> **Task goal**: Repeat, word for word, all the data that follows, and exclude the pictures.
──────── Data extract
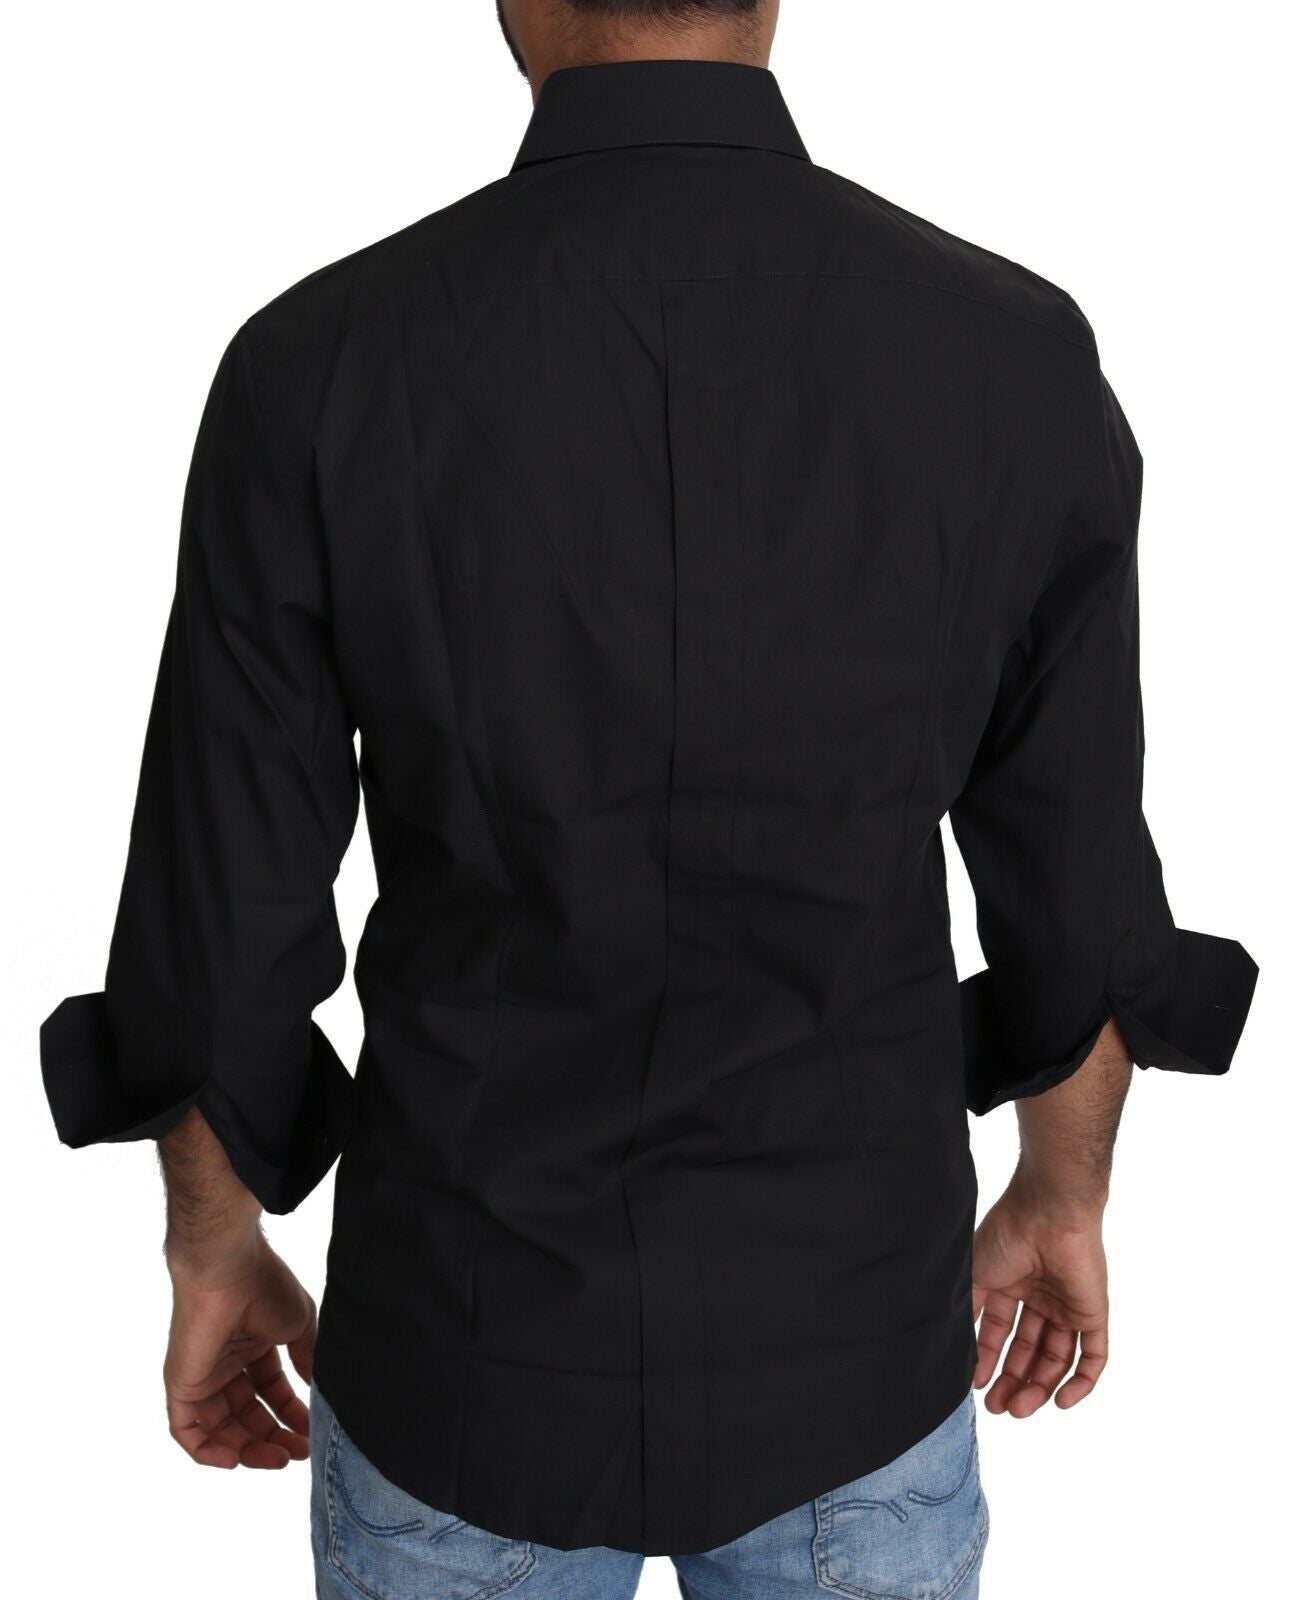 Elegant Black Slim Fit Dress Shirt
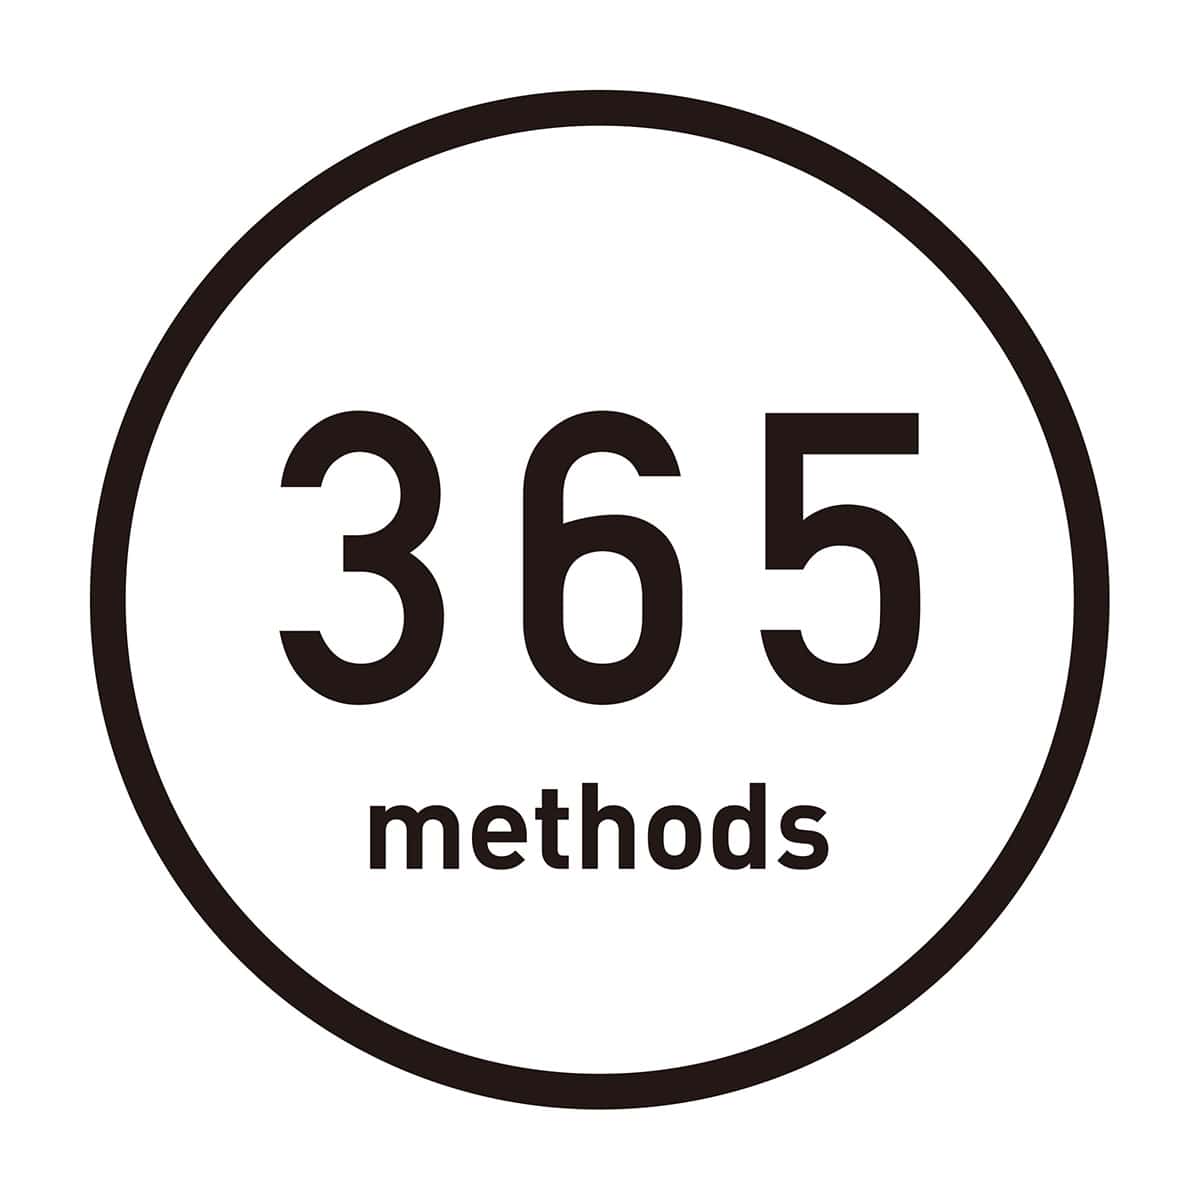 【365methods】キャセロール20cm
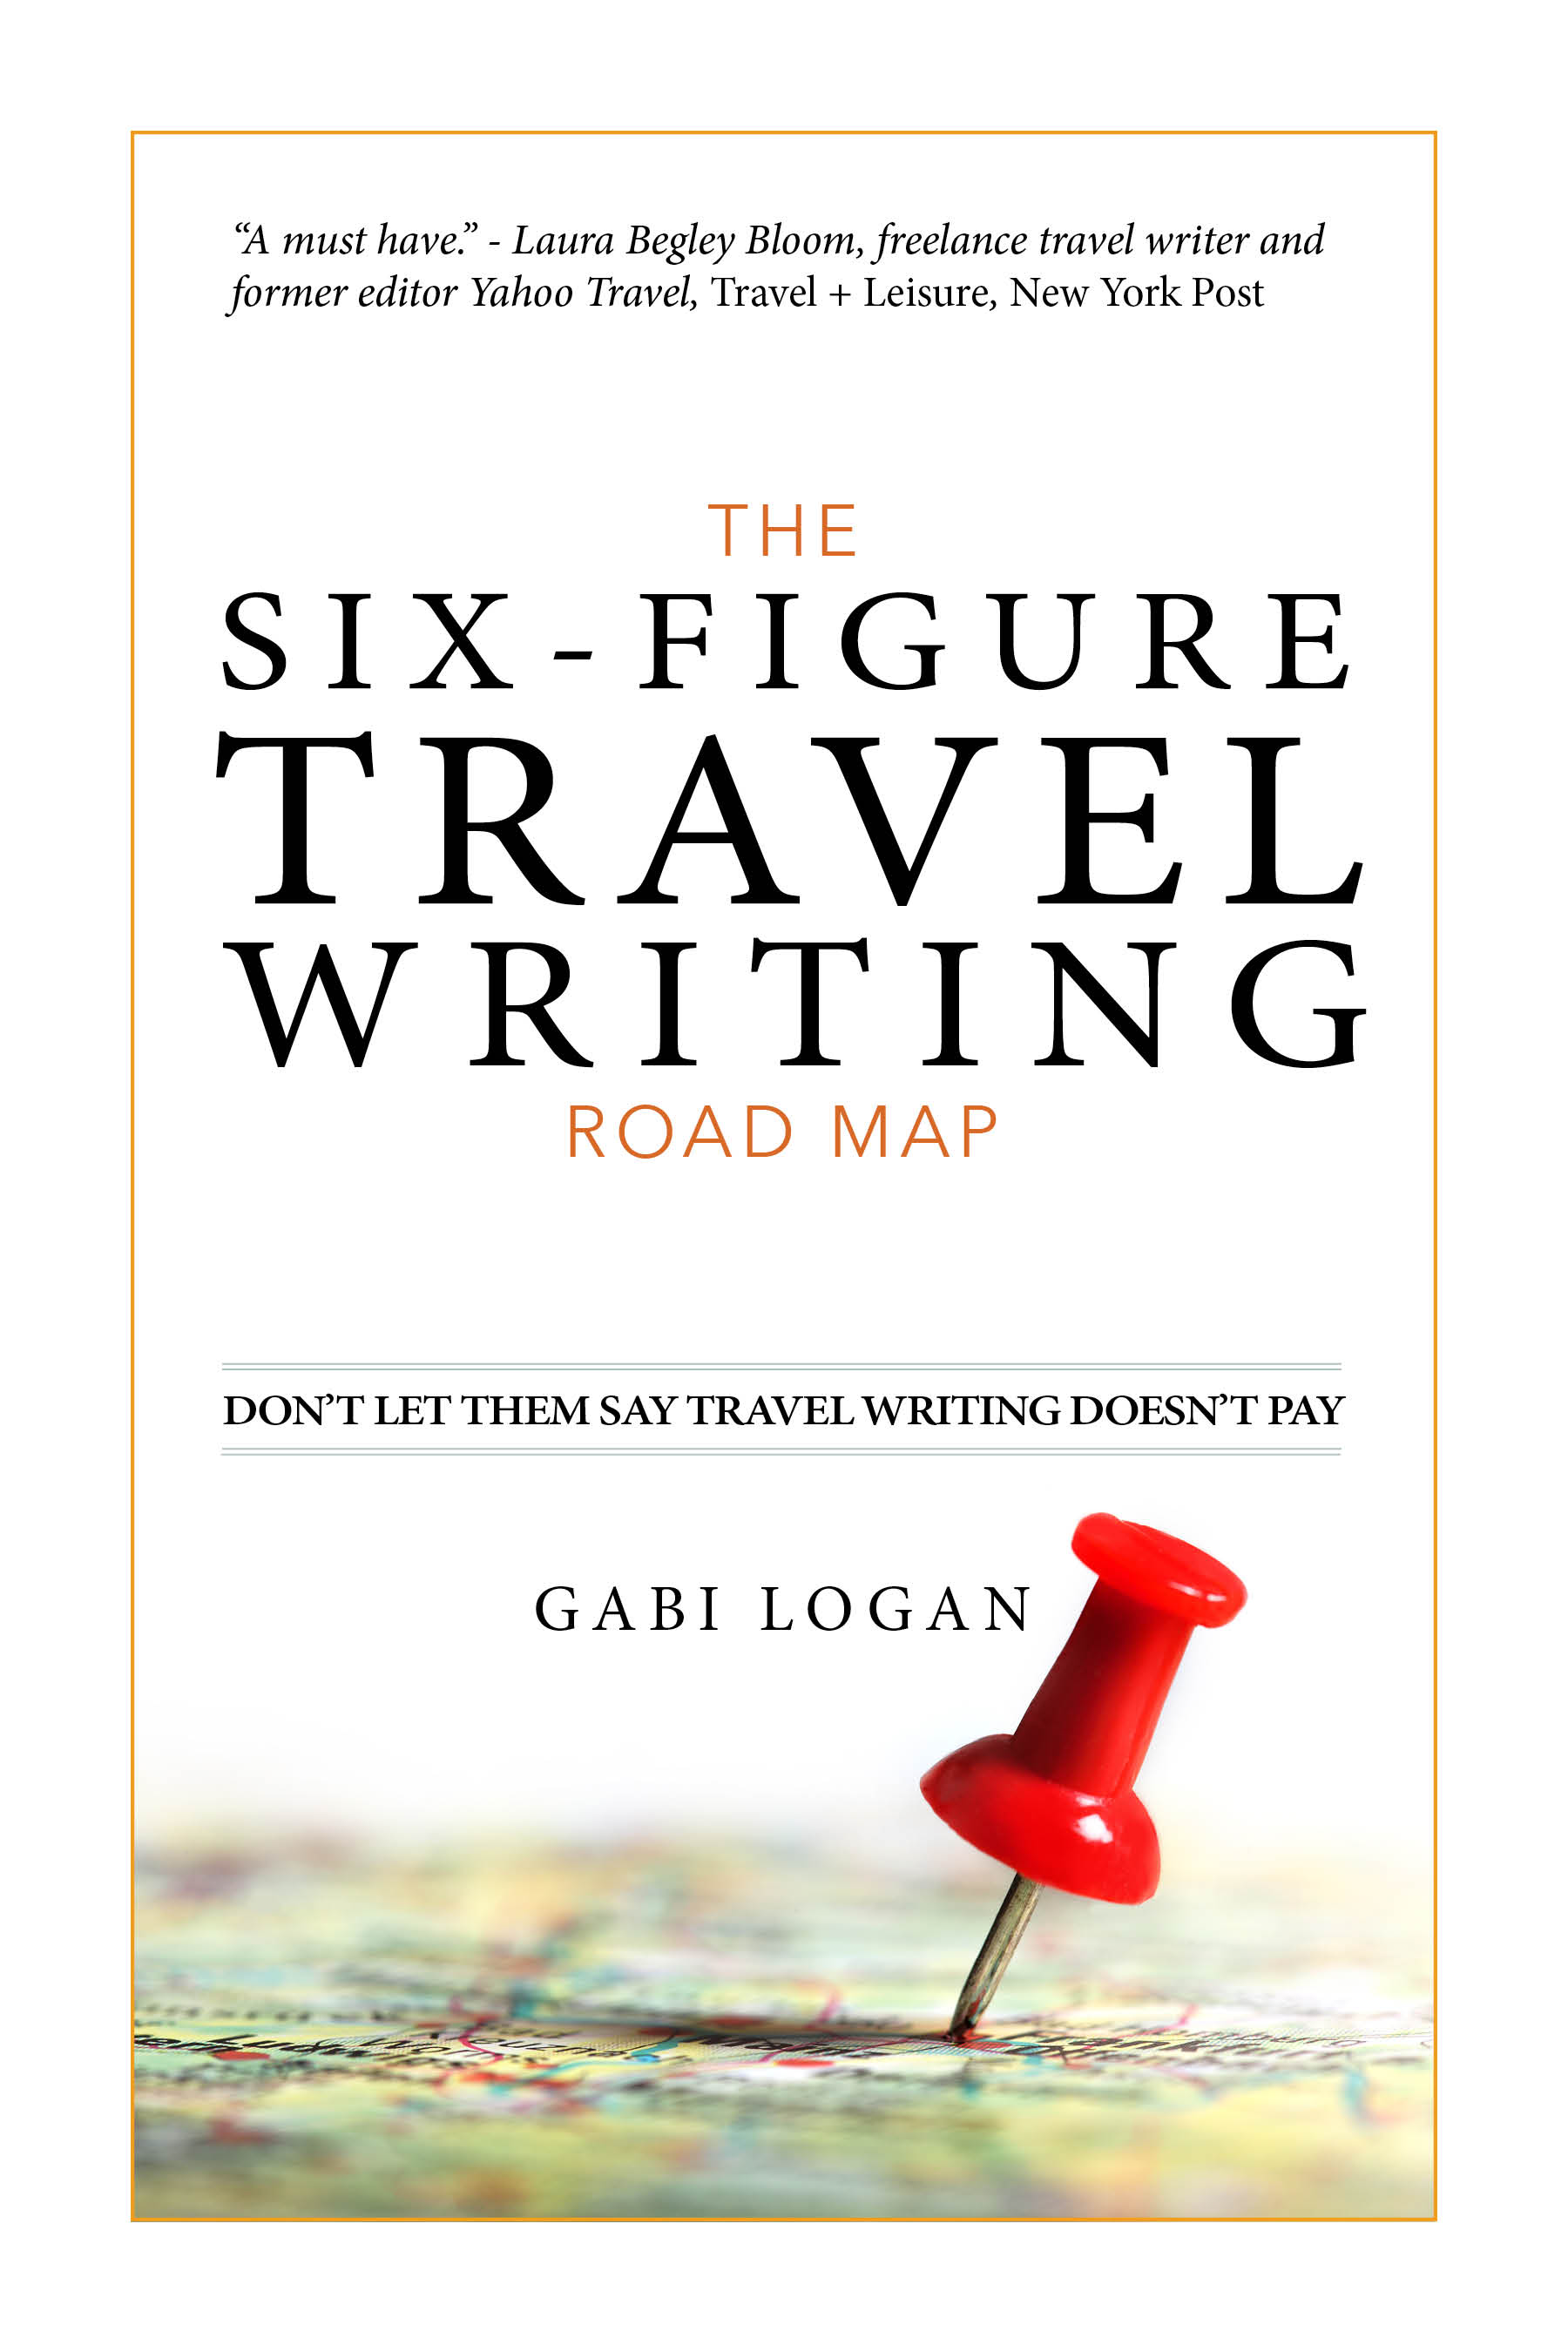 The Six-Figure Travel Writing Road Map
────────────────
> **Solution to this problem**:
 Elegant Black Slim Fit Dress Shirt
 【365methods】キャセロール20cm
 The Six-Figure Travel Writing Road Map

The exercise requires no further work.